What is being asked: What lines in the entries below contain the word "each"? Copy all of them.

Records shown:

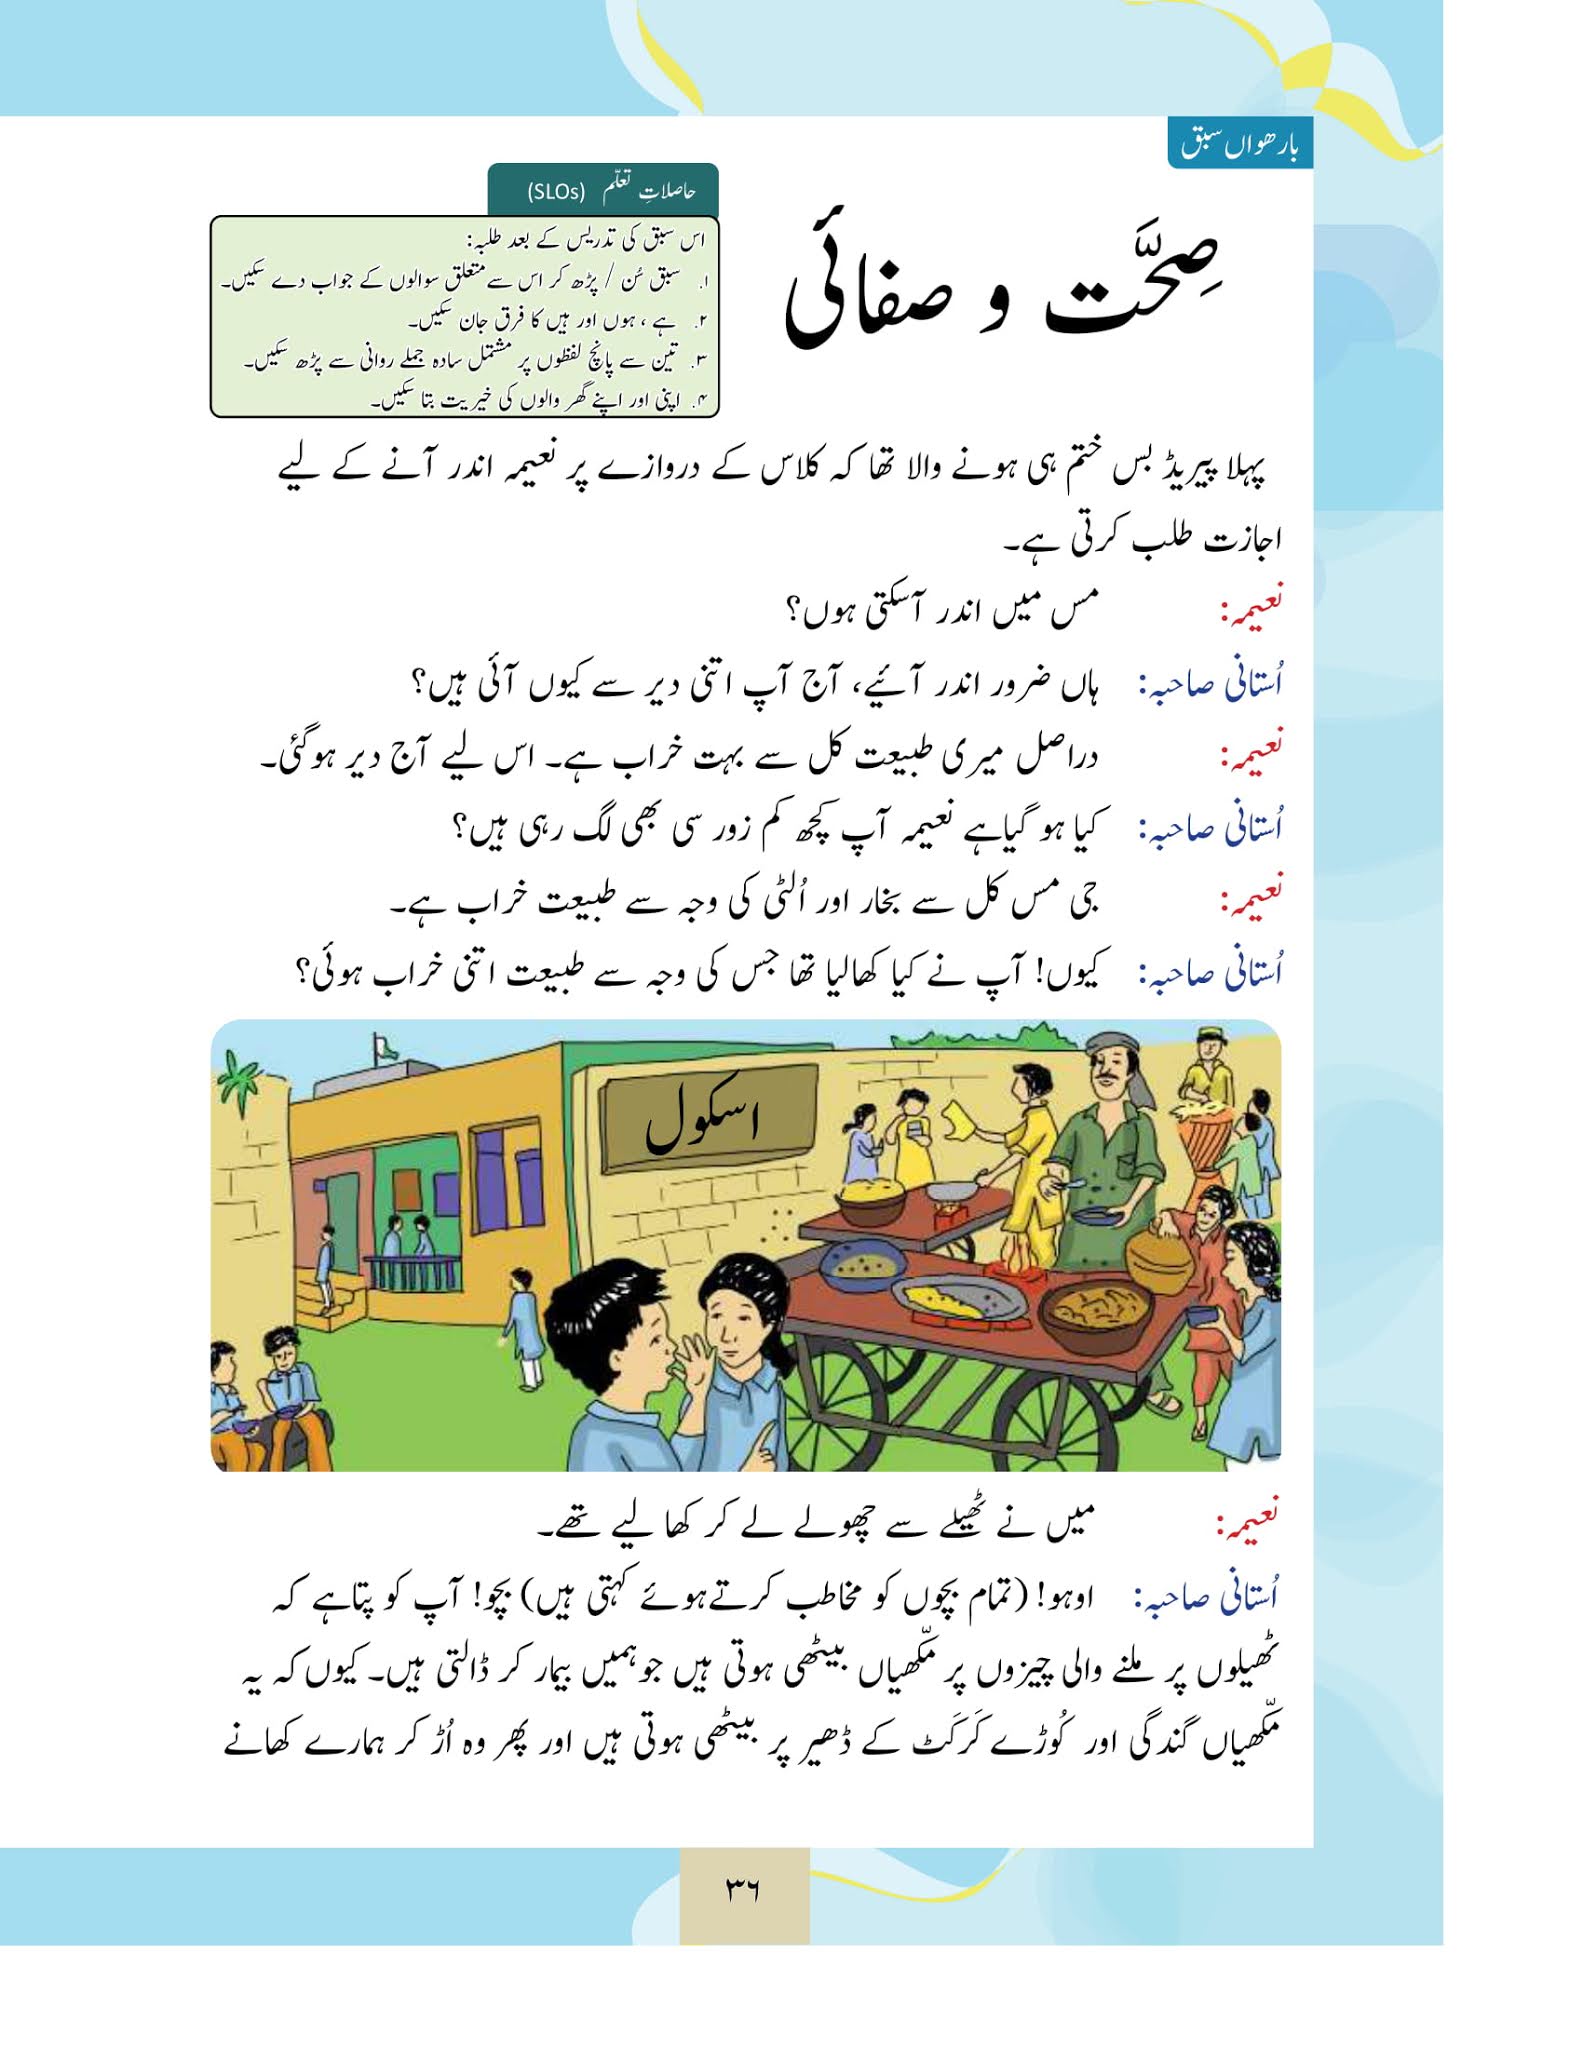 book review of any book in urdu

--

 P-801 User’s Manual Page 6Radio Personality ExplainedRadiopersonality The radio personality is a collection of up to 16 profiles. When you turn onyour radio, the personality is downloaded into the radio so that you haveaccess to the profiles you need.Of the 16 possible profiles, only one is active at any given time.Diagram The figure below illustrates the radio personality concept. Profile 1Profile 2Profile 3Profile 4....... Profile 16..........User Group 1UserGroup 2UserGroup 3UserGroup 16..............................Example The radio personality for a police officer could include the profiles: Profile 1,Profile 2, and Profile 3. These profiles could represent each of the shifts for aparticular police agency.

--

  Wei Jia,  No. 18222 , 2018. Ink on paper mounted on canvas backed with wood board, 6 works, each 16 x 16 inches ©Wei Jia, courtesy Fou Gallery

Response area:
 P-801 User’s Manual Page 6Radio Personality ExplainedRadiopersonality The radio personality is a collection of up to 16 profiles. When you turn onyour radio, the personality is downloaded into the radio so that you haveaccess to the profiles you need.Of the 16 possible profiles, only one is active at any given time.Diagram The figure below illustrates the radio personality concept. Profile 1Profile 2Profile 3Profile 4....... Profile 16..........User Group 1UserGroup 2UserGroup 3UserGroup 16..............................Example The radio personality for a police officer could include the profiles: Profile 1,Profile 2, and Profile 3. These profiles could represent each of the shifts for aparticular police agency.
  Wei Jia,  No. 18222 , 2018. Ink on paper mounted on canvas backed with wood board, 6 works, each 16 x 16 inches ©Wei Jia, courtesy Fou Gallery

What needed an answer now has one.